The conformation of the chloroplast alpha -subunit is similar to the three conformations found in the bovine mitochondrial structure. The Calpha atoms superimpose with rms deviations of 1.31, 1.31, and 0.95 Å with the mitochondrial alpha TP, alpha DP, and alpha E conformation. In contrast the chloroplast beta -subunit superimposes well only with the beta TP or beta DP conformation of the mitochondrial enzyme. The Calpha atoms show rms deviations of 1.24 and 1.19 Å, respectively. Comparison with the nucleotide-free beta E conformation of the mitochondrial structure reveals a rms deviation of 3.89 Å. Thus the chloroplast alpha  and beta -subunit seem to reflect the closed nucleotide-filled conformation of the mitochondrial enzyme rather than the open nucleotide-free conformation. However, the high temperature factors of the C-terminal domains of the alpha - and beta -subunits raise the possibility that more than one single, discrete conformation exists in the crystal structure. Different conformations might exist in particular of the catalytic beta -subunit. To discriminate these different conformations and to reduce the effects of model bias, residues beta Glu383-Phe430 which are involved in the conformational changes associated with nucleotide binding and catalytic turnover, were omitted in the structure refinement.
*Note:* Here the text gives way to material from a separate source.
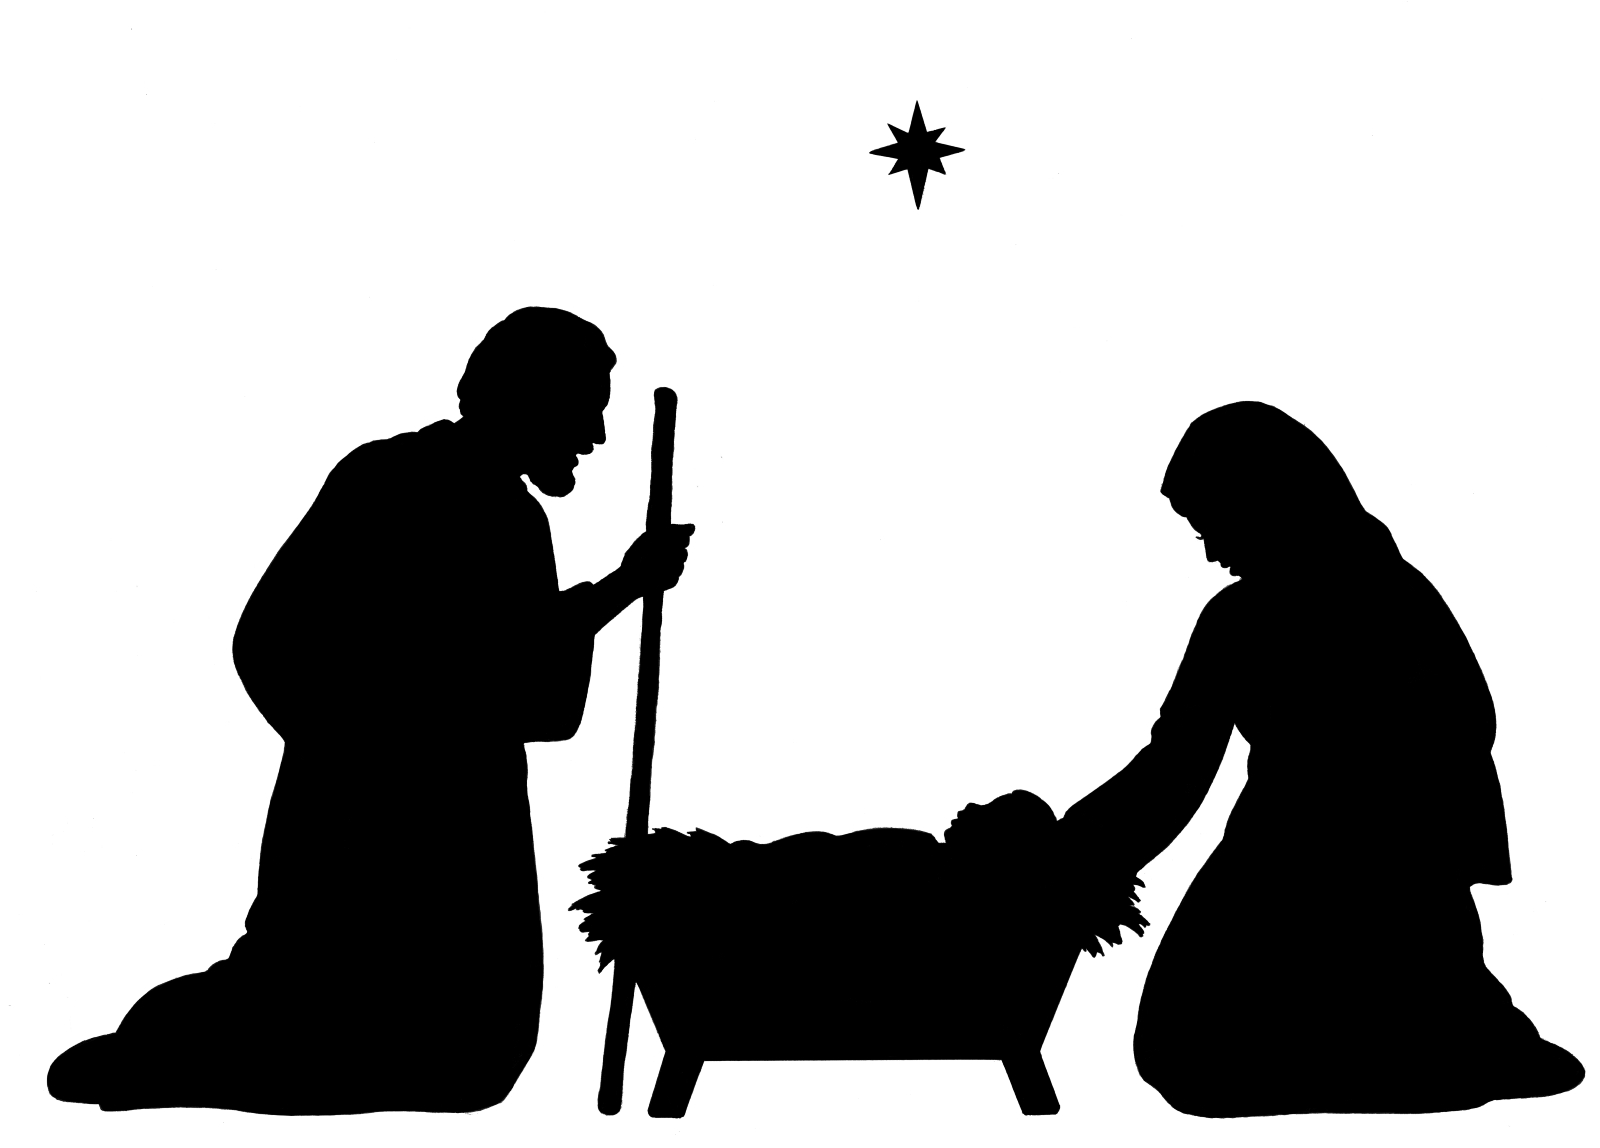 Free nativity scene silhouette clip art
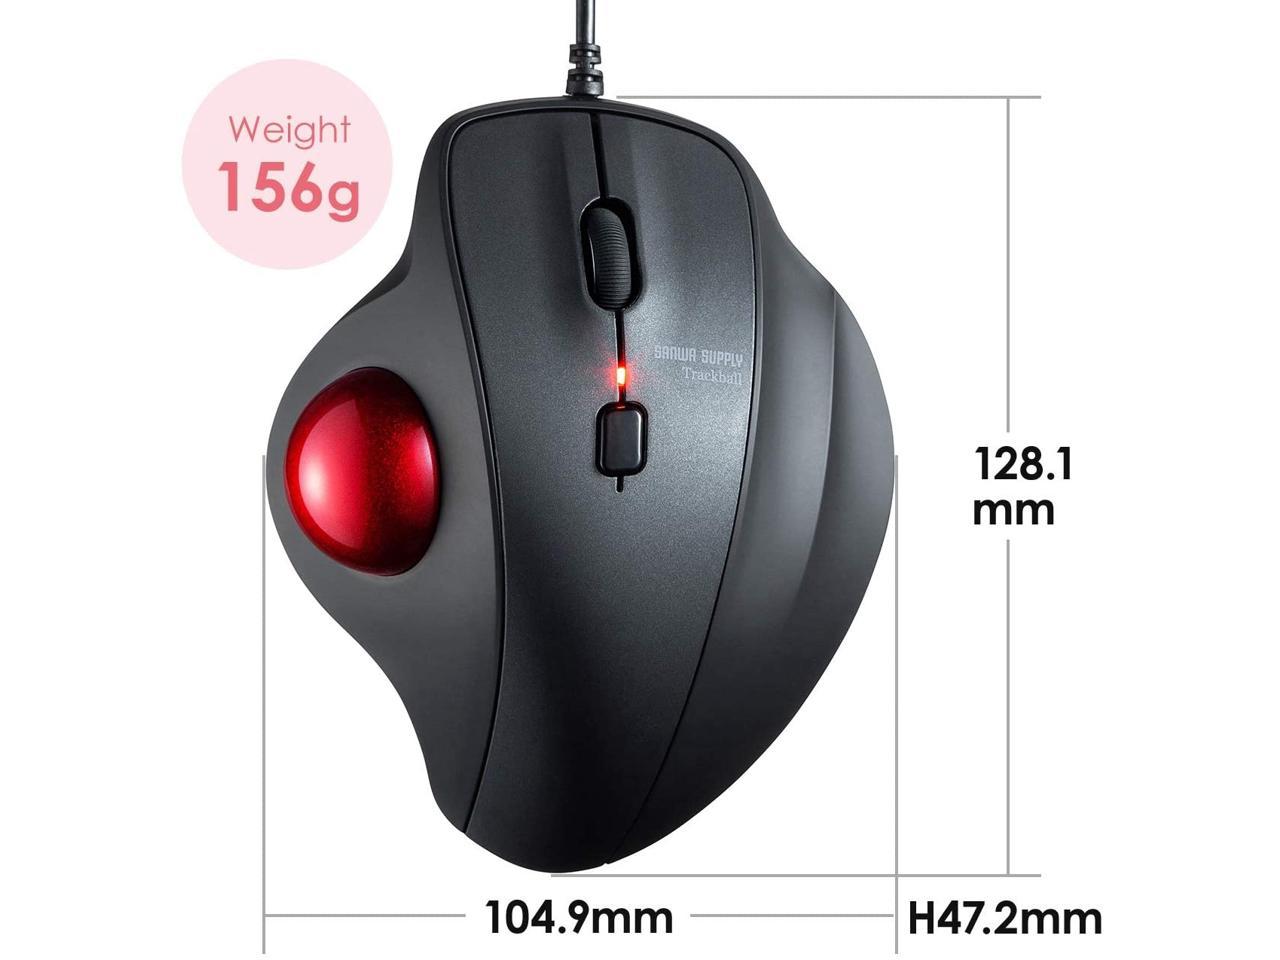 SANWA (Japan Brand) Wired Ergonomic Trackball Mouse Silent Noiseless

Fig. 4 shows the calculated electron density map and the protein backbone corresponding to the beta DP and beta E conformation of the bovine mitochondrial ATPase (7). Although the corresponding calculated electron density is somewhat weaker than when all residues in the C-terminal region were included in the refinement, the density clearly indicate a closed conformation of the beta -subunit. Calculations of a composite omit, cross-validated, sigma -A weighted map, where small regions of the model (10%) are systematically excluded in the refinement, support this conclusion (Fig. 4B).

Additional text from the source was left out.